◆ Task statement:
The required output is the stretch from the line containing "A white ceramic" through the line containing "280C2-42351: TCM Forklift CONTACT - HORN" in the records below, unaltered and with no pictures.

◆ Dataset records:
+ + + +
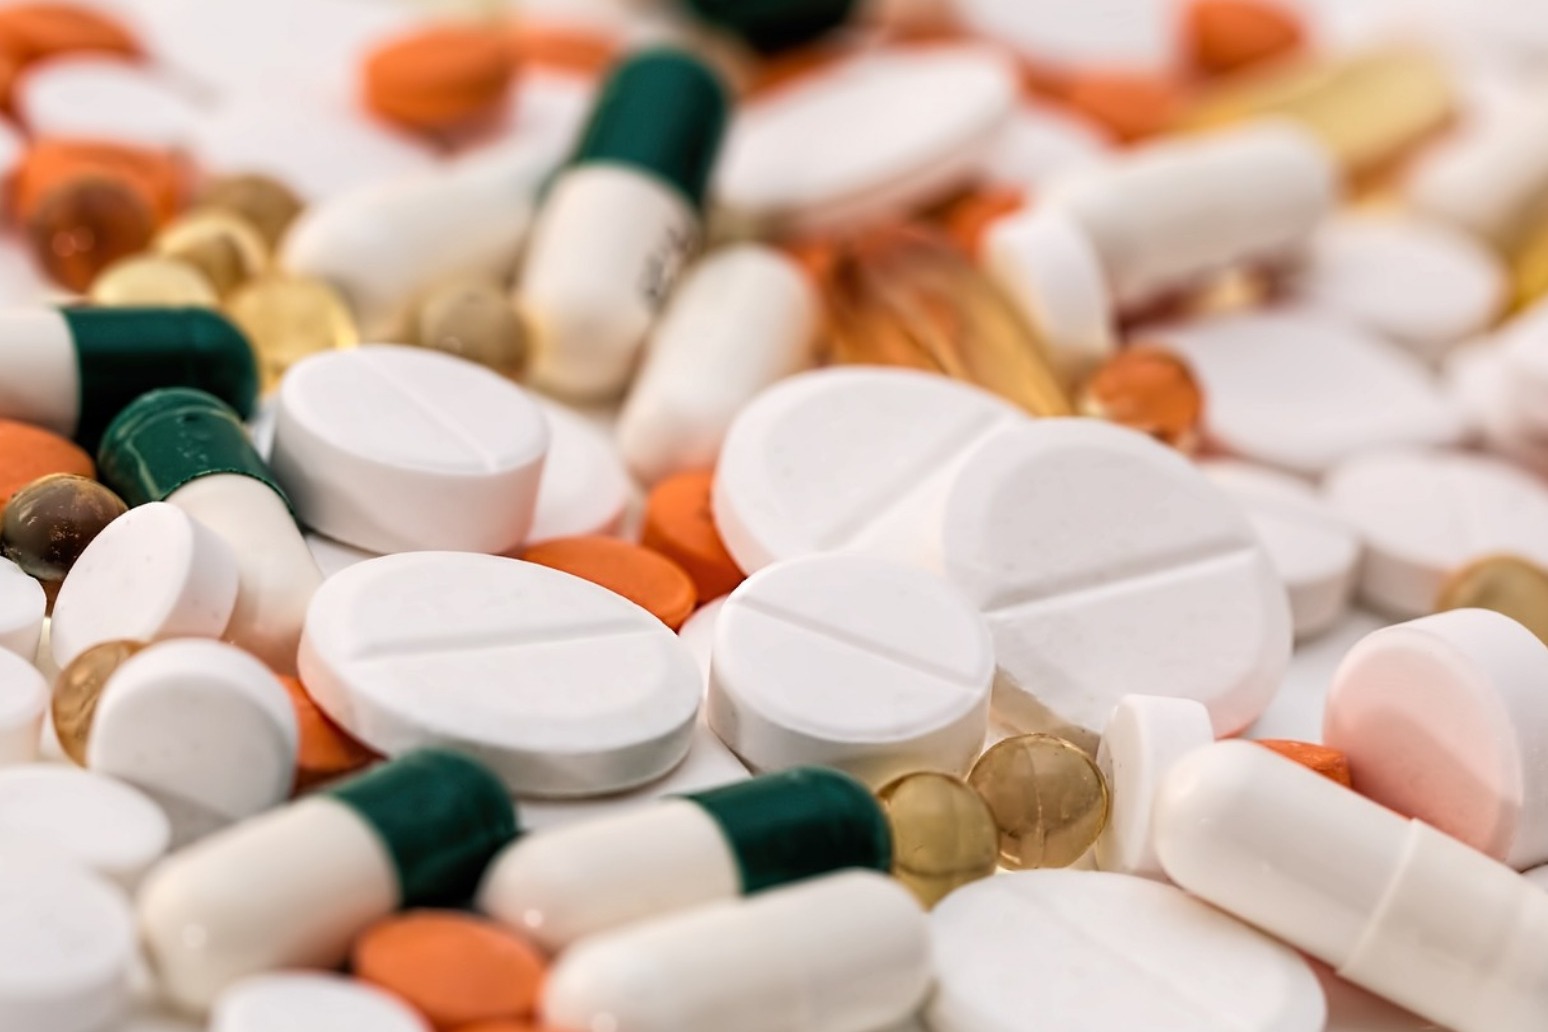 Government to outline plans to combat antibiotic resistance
+ + + +
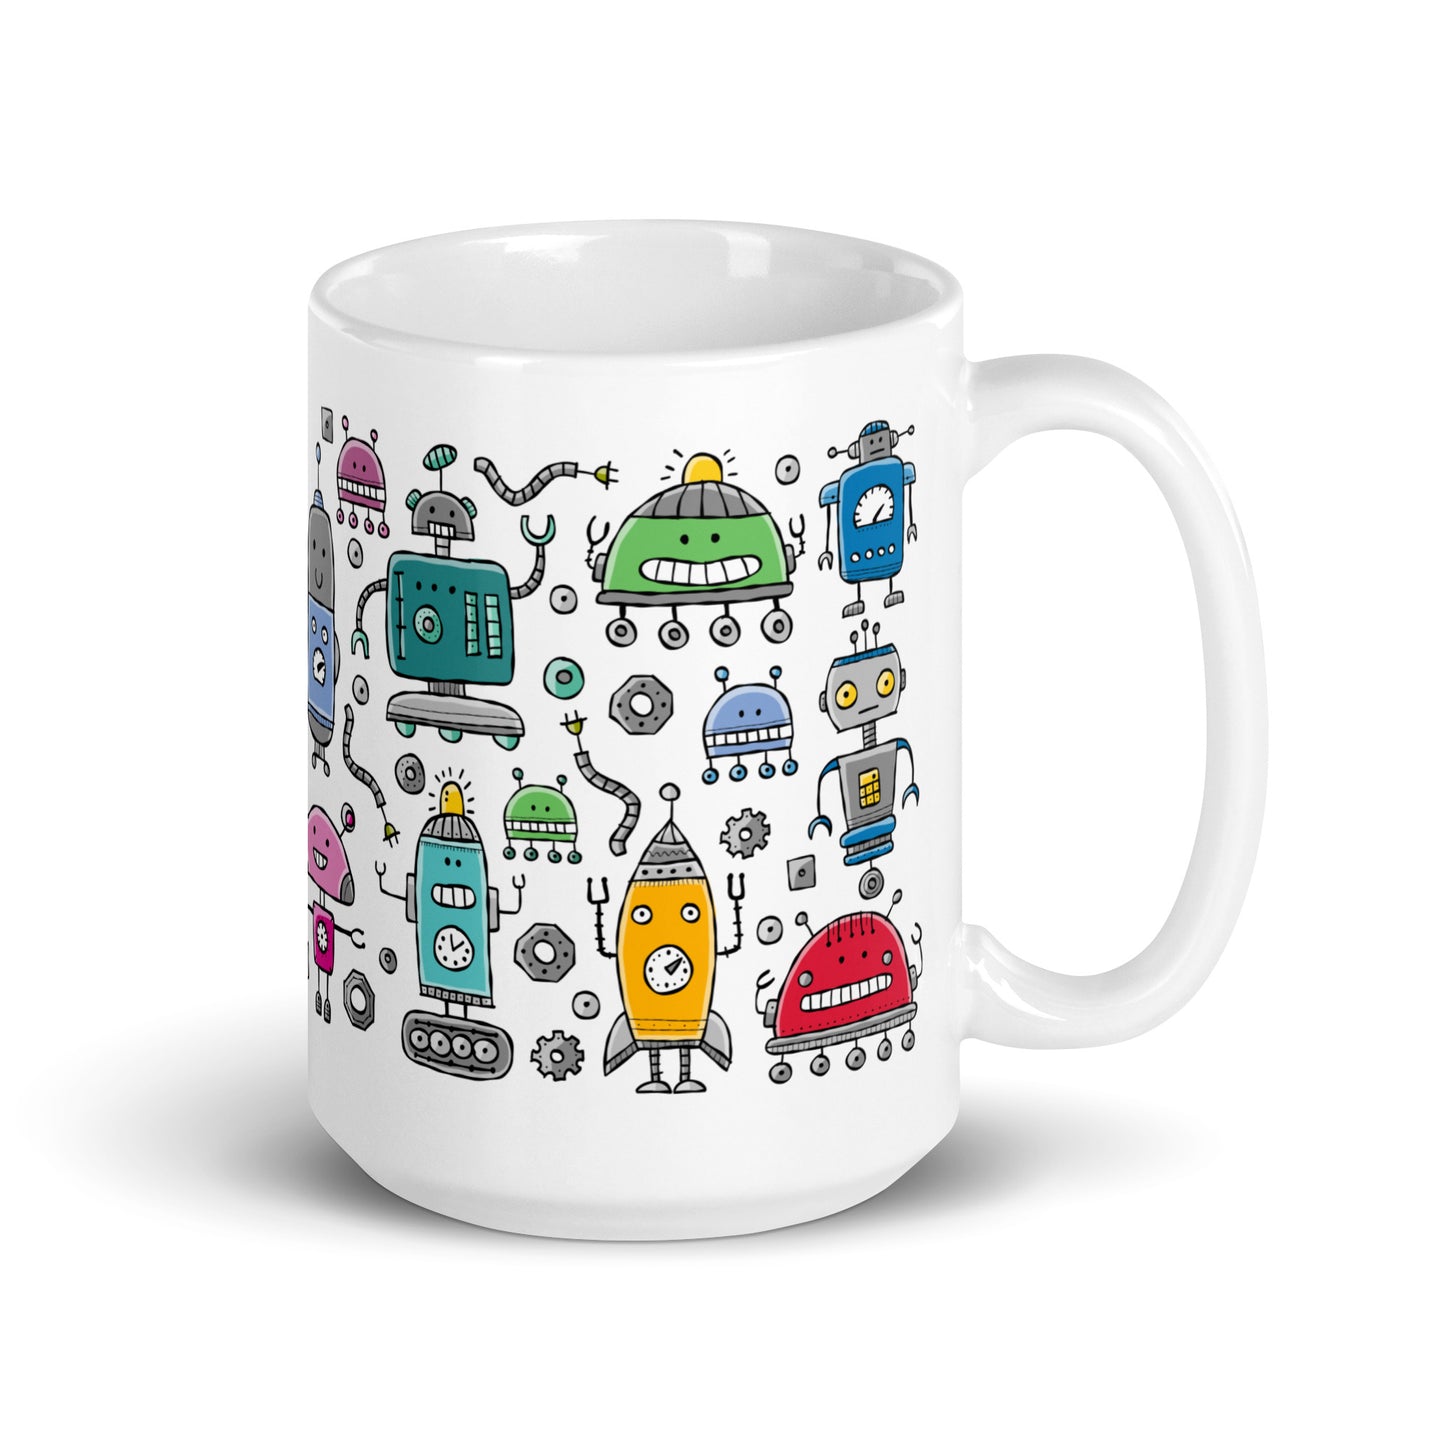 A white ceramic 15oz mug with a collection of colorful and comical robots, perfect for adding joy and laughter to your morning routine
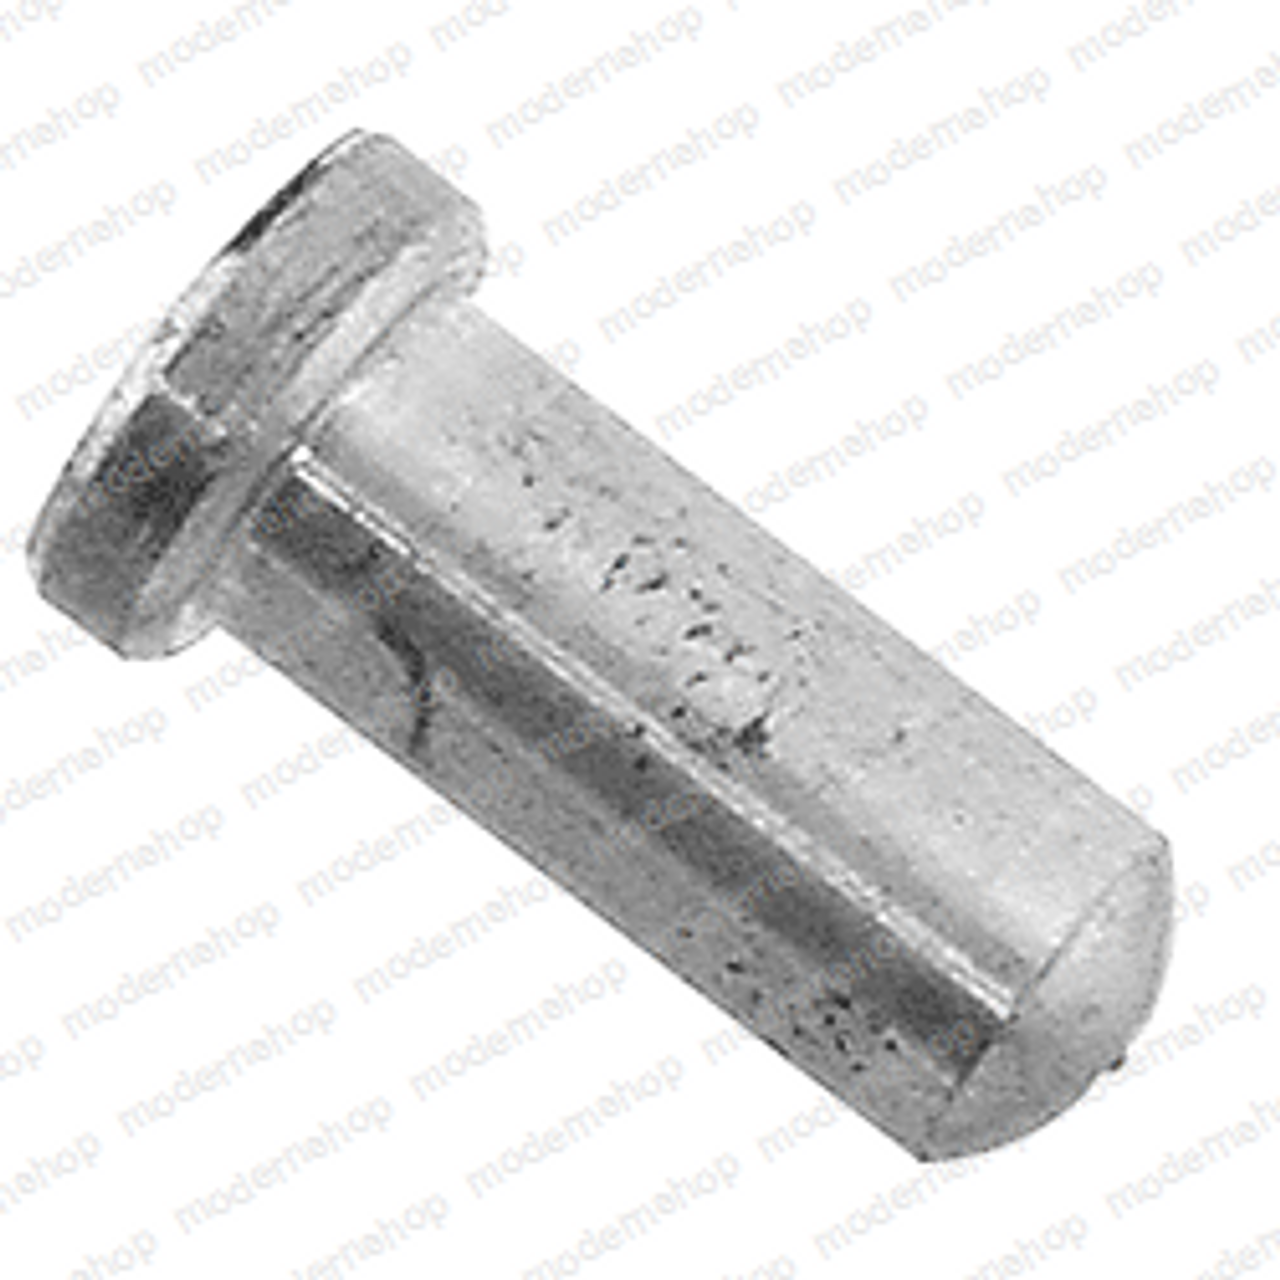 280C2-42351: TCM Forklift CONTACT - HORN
+ + + +
◆ Finished task:
 A white ceramic 15oz mug with a collection of colorful and comical robots, perfect for adding joy and laughter to your morning routine
 280C2-42351: TCM Forklift CONTACT - HORN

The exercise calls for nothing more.